What a Distributed, Version-Controlled ARP Cache Gets You

git (and its distributed version control system friends hg and darcs) have some great properties. Not only do you get a full history of changes on objects stored in them, you can get comments on changes, as well as branching and merging, which lets you do intermediate changes without messing up state for other entities which want to work with the repository.

That’s all pretty cool. I actually want that for some of my data structures, come to think of it. Say, for example, a boring ol’ key-value store which can be updated from a few different threads – in this case, a cache that stores values it gets from the network and the querying/timeout code around it. It would be nice if each thread could make a new branch, make its changes, then merge them into the primary branch once it’s done.

It turns out you can totally do that with Irmin, “the database that never forgets”! I did (and am still doing) a bit of work on sticking a modified version of the MirageOS address resolution protocol code’s data structures into Irmin:

$ git log --all --decorate --oneline --graph
* 68216f3 (HEAD, primary, expire_1429688434.645130) Arp.tick: updating to age out old entries
* ec10c9a entry added: 192.168.3.1 -> 02:50:2a:16:6d:01
* 6446cef entry added: 10.20.254.2 -> 02:50:2a:16:6d:01
* 81cfa43 entry added: 10.50.20.22 -> 02:50:2a:16:6d:01
*   4e1e1c7 Arp.tick: merge expiry branch
|\  
| * cd787a0 (expire_1429688374.601896) Arp.tick: updating to age out old entries
* | 8df2ef7 entry added: 10.23.10.1 -> 02:50:2a:16:6d:01
|/  
* 8d11bba Arp.create: Initial empty cache

A Bit on ARP

ARP (“Address Resolution Protocol”) is an oft-neglected part of how IPv4 and Ethernet (and garden-variety WiFi, which in this context pretends to be Ethernet) get glued together. In lieu of a full explanation of ARP, you can imagine it as a mapping between IPv4 addresses (e.g. 192.168.42.11) and link-level addreses (e.g. 00:16:3e:c0:ff:ee). Link-level addresses are assigned per-hardware device. A machine can have multiple IP addresses per link-level addresses; it will have only one link-level address per network hardware device.
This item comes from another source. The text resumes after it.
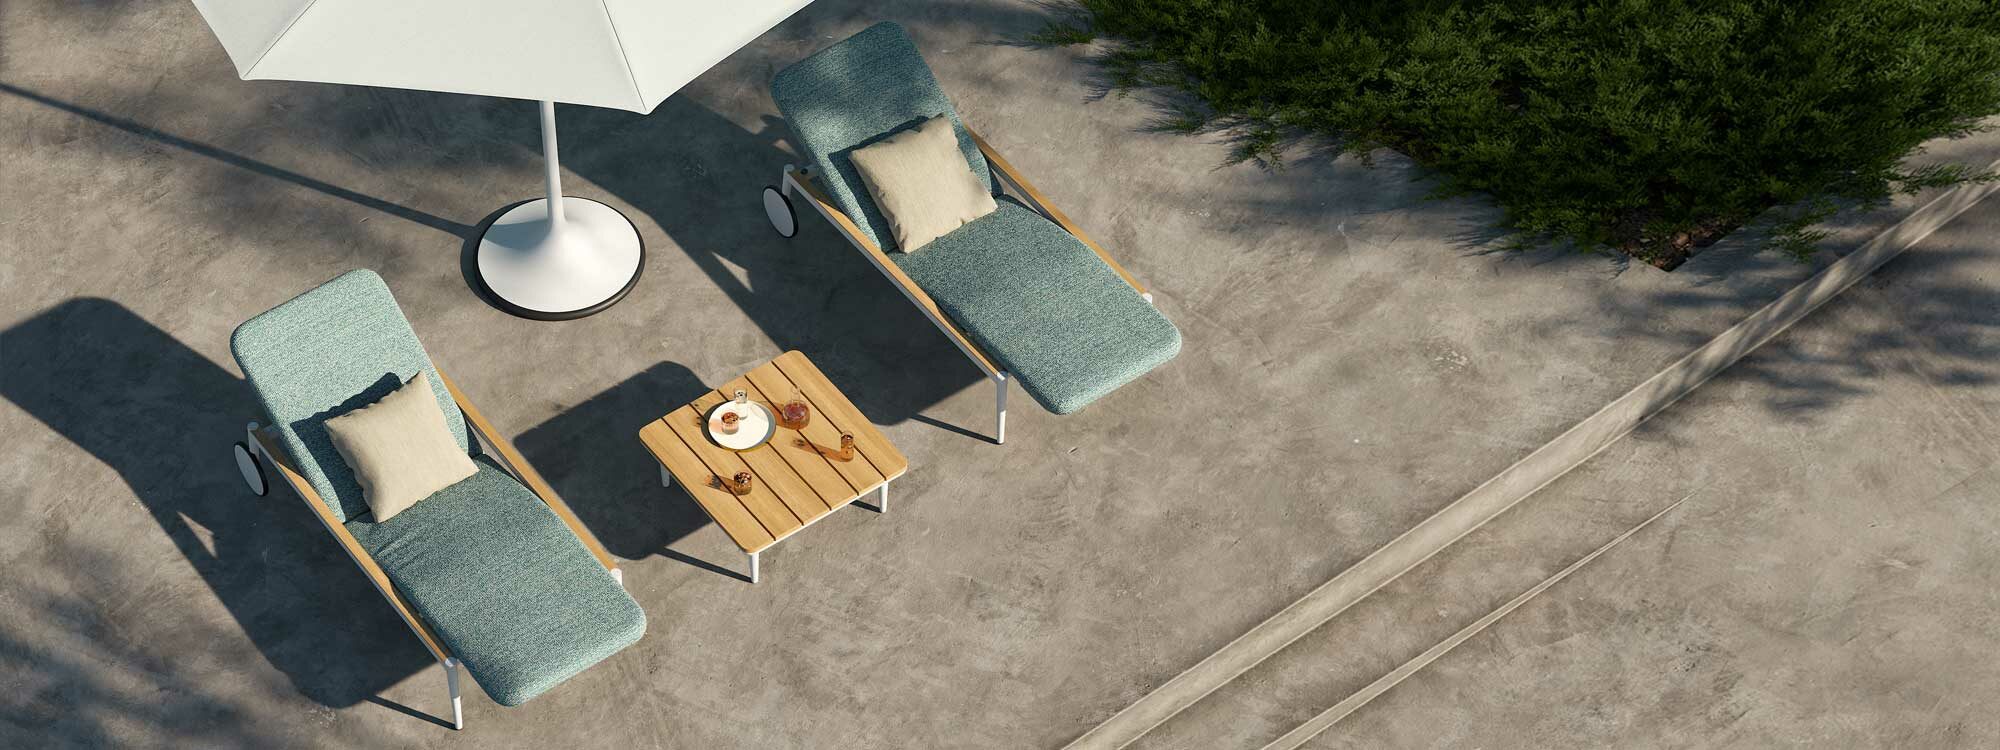 Image of aerial view of Styletto white sun loungers with blue cushions next to Palma parasol, by Royal Botania

A machine attempting to resolve an IPv4 address on the local network (including the gateway through which it sends traffic for networks that are not local) sends an ARP request; if a reply is heard, it stores the entry in the ARP cache. Some hosts may send broadcast reply messages without having heard a request when claiming new IP addresses. These messages are often called “gratuitous ARPs”, and should also result in a cache entry when heard. An ARP implementation also needs to emit replies when it hears queries for IPv4 addresses it is using.

A few timeouts are also required. Entries in the cache need to be aged out after a while, since IPv4 addresses are frequently reassigned on a network and an entry from several days ago may no longer be valid. An ARP implementation also needs to give up on resolving an address if no intelligible reply message is received within a reasonable amount of time.

ARP in Mirage

With a library OS implemented modularly, you’d think that it would be possible to substitute out a given ARP implementation with one that exposes the same API with similar semantics. Unfortunately, in the current case of MirageOS, it’s not cleanly possible with the existing tcpip – the ARP implementation isn’t specified when building a stack; rather it’s included in the Ipv4 module.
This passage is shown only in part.